Modification of ZnAl2O4-based low-permittivity microwave dielectric ceramics by adding 2MO-TiO2 (M = Co, Mg, and Mn)

ZnAl2O4-based microwave dielectric ceramics with added 2MO-TiO2 (M = CO, Mg, and Mn) were synthesized using the solid-state reaction. The effects of 2MO-TiO2 additions on the microstructures, phase compositions, and microwave dielectric properties of the 0.79ZnAl(2)O(4)-0.21M(2)TiO(4) ceramics has been investigated. It can be observed from X-ray diffraction results that the single-phase solid solution in the 0.79ZnAl(2)O(4)-0.21Co(2)TiO(4) ceramics, and second-phase rutile, MgTi2O5, and ZnMn3O7 in the 0.79ZnAl(2)O(4)-0.21TiO(2), 0.79ZnAl(2)O(4)-0.21Mg(2)TiO(4), and 0.79ZnAl(2)O(4)-0.21Mn(2)TiO(4) ceramics, respectively, appear.
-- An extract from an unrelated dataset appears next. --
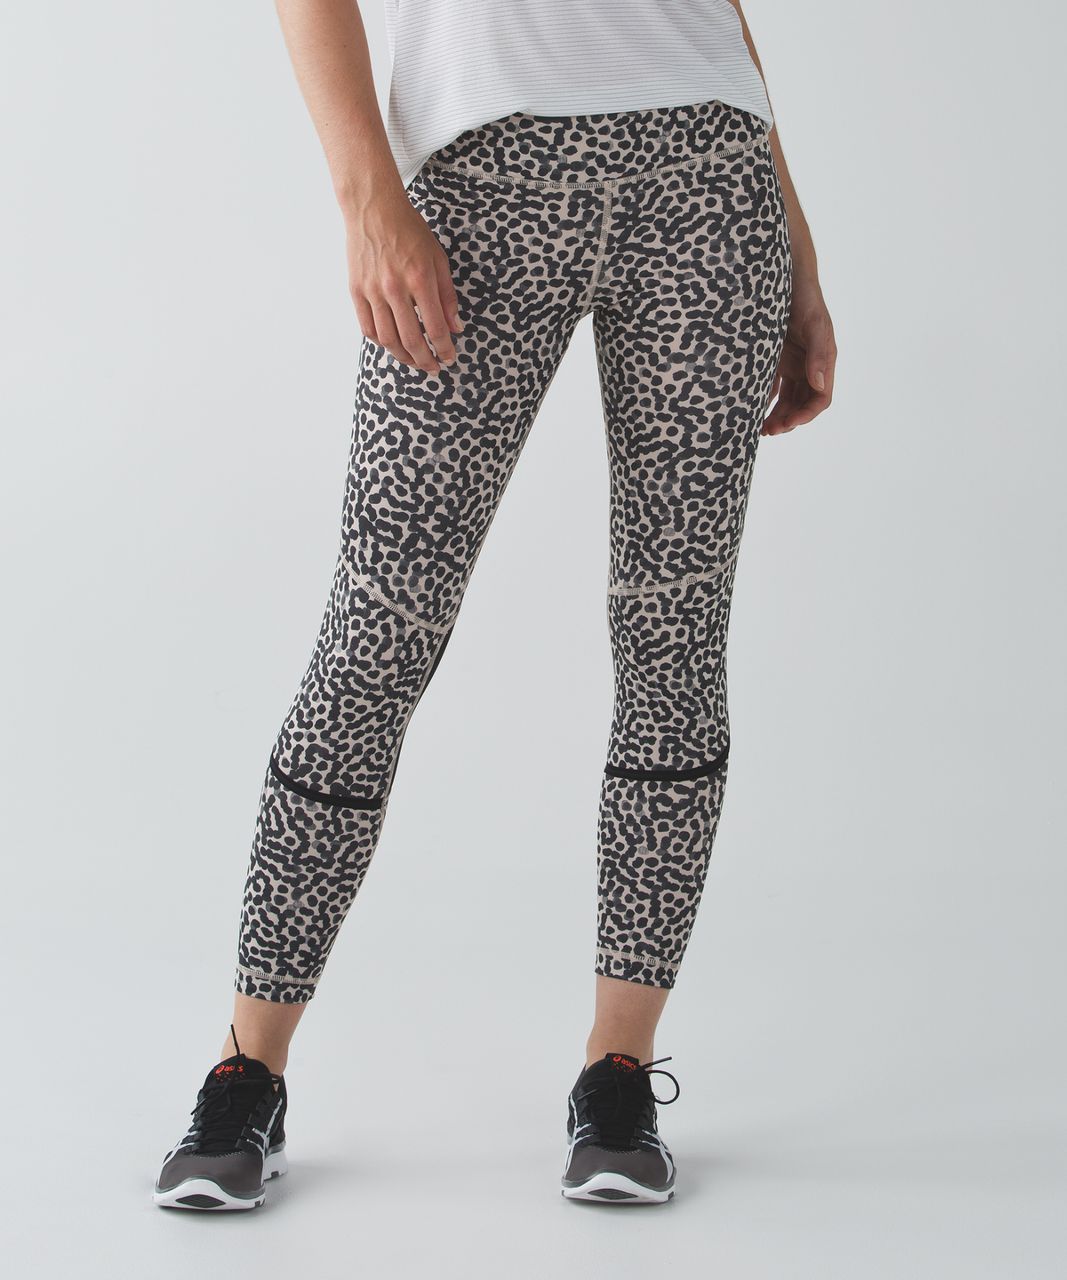 Lululemon Pedal To The Medal 7/8 Tight *Full-On Luxtreme - Ace Spot Grain Black / Black

The epsilon(r) and tau(f) values of the 0.79ZnAl(2)O(4)-0.21M(2)TiO(4) ceramics are weakly dependent on the M element (Co, Mg, and Mn). The epsilon(r) values of the 0.79ZnAl(2)O(4)-0.21M(2)TiO(4) ceramics (about 9.7) are lower than that of the 0.79ZnAl(2)O(4)-0.21TiO(2) ceramics (epsilon(r) = 11.6), whereas the tau(f) values of the former (about -65 ppm/degrees C) are higher than those of the latter (tau(f) = -0.4 ppm/degrees C. However, in contrast to the Q x f value of the 0.79ZnAl(2)O(4)-0.21TiO(2) ceramics (Q x f = 74000 GHz), the magnitude of the 0.79ZnAl(2)O(4)-0.21Co(2)TiO(4) ceramics increases to 94000 GHz and that of the 0.79ZnAl(2)O(4)-0.21Mg(2)TiO(4) ceramics improves more than twice, whereas the value of the 0.79ZnAl(2)O(4)-0.21Mn(2)TiO(4) ceramics undergoes a sharp decline and reaches a minimum of 23530 GHz at about 6.5 GHz.